DUBAI —A growing number of major UAE developers are setting up in-house contracting firms in Dubai, after long relying on third-party contractors. The move is aimed at increasing control over construction timelines, costs and quality standards, and ultimately, securing a larger share of profits, though it could also carry risks.
Emaar Properties, which developed the Burj Khalifa, has established Rukn Mirage under its subsidiary Mirage, joining developers such as Samana Developers, Ellington, and Azizi, all of which have launched in-house contracting units in the past two years.
The shift comes as Dubai’s real estate surges, with prices up 70 percent over four years to December 2024 and a government plan to double the population to 7.8 million by 2040.
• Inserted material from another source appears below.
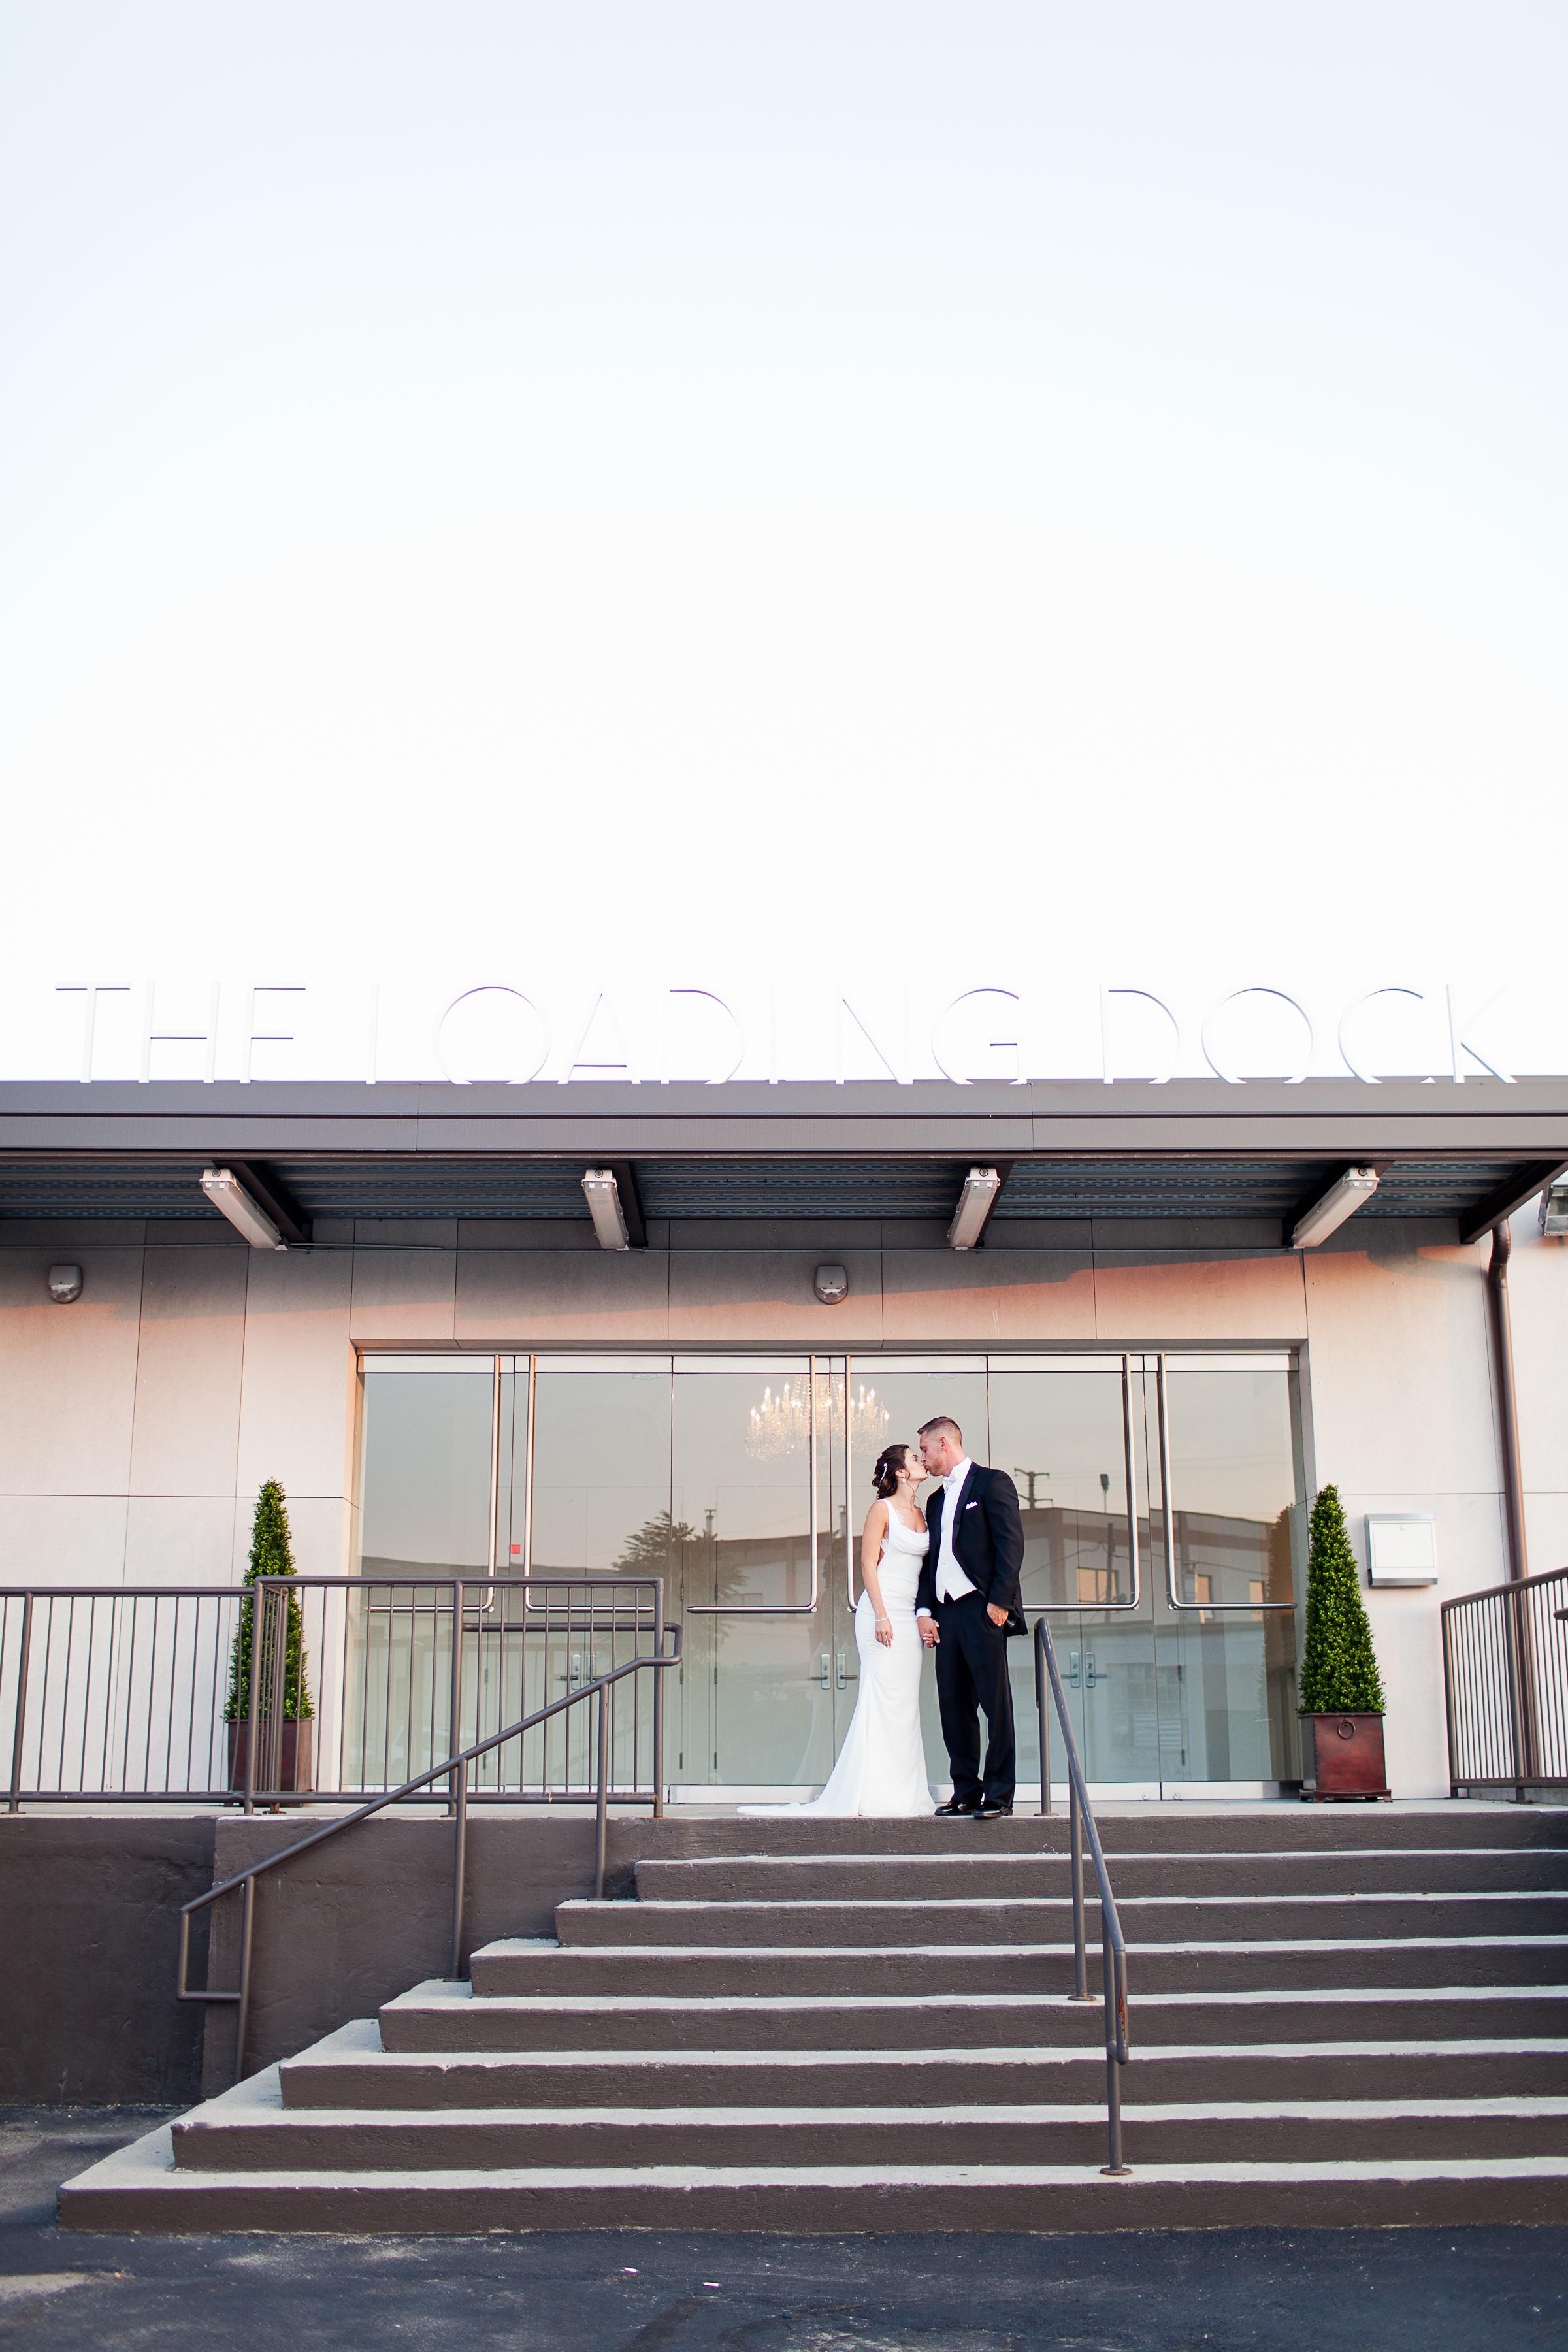 Melissa Kruse Photography - Genna + Anthony The Loading Dock Stamford CT Wedding-773.jpg

Property launches rose 83 percent in 2024, though completions fell 23 percent, industry data shows.
But bringing construction in-house may also carry risks.
“When developers try to become builders, they start splitting focus — and that’s when things can get muddy,” said Gordon Rodger, founder and managing partner at construction consultancy Stonehaven.
“They end up with teams stretched between land acquisition, sales, marketing, events, PR, funding… and now also procurement, site logistics, health and safety, and huge amounts of sub-contractor management.”
Rodger also cautioned that developers could be left with idle construction capacity in a downturn.
“You’ve got a big factory, a pre-cast yard, a huge joinery division, in-house plant, in-house equipment all sitting idle and you’ve got no work because your master developer can’t sell any real estate,” he said.